When the environment is at the initial state right after env.reset()
:
info = {}
When the environment is not at the terminal state, the info is structured as follows:
info =
{
'actions':[list of each step's actions],
'rewards':[list of each step's rewards],
'terminations':[list of each step's termination flag],
'truncations':[list of each step's truncation flag]}
}
When the environment is at the terminal state, the info is structured as follows:
info =
{
'actions':[list of each step's actions],
'rewards':[list of each step's rewards],
'terminations':[list of each step's termination flag],
'truncations':[list of each step's truncation flag],
'episode':
{
'r':Final return of episode,
'l':Length of molecule,
't':Time it took to complete this episode
},
'sequence':FASTA sequence of the molecule,
'terminal_obs':Final observation as a list (not an array),
'molecule':The pose.data JSON data structure with all of the molecule's information}
}
To generate a path and targets to a specific molecular structure you can use the following steps:
- Use the following command to open the PDB molecule in PyMOL and import the required functions:
pymol custom.py -b FILENAME.pdb
. - Select a residue where the center of the elliptical should be.

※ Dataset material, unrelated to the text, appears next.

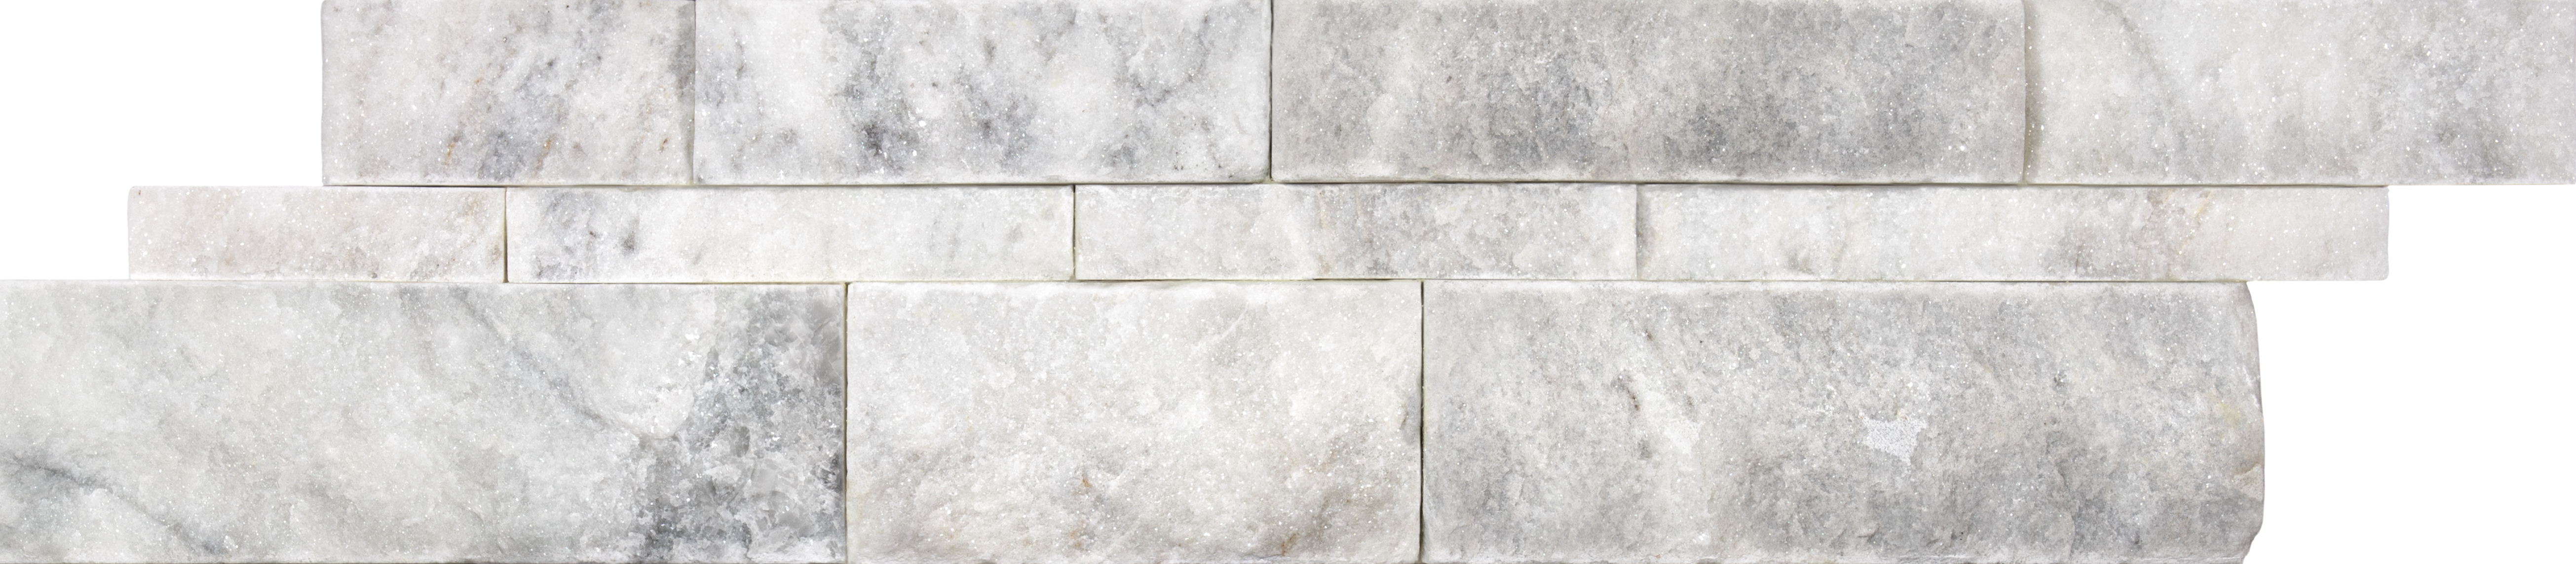 marble bianco venatino pattern natural stone wall panel from cubics anatolia collection distributed by surface group international split face finish straight edge edge 6x24 interlocking shape

- Run the following command
point('sele')
to get a starting Cx, Cy, Cz coordinate values of the center point of the elliptical path. - Run
path(Cx, Cy, Cz, a, b, o, j, w)
to generate the elliptical path. - Adjust the Cx, Cy, Cz, a, b, o, j, w values and run the last command again until the ideal path is generated.
- Select residues to target and use the
point('sele')
command to get each target's coordinates.
Provided is the RL.py
script that trains a Proximal Policy Optimization (PPO) agent on the MiraMar environment or plays an already trained agent agent.pth
. Instructions are isolated within the script itself, since this training process is separate from the actual environment setup. The following are the training results of that produced the agent.pth trained agent:
Recomended to use OSPREY3 to refine the structure and make it more energetically favorable.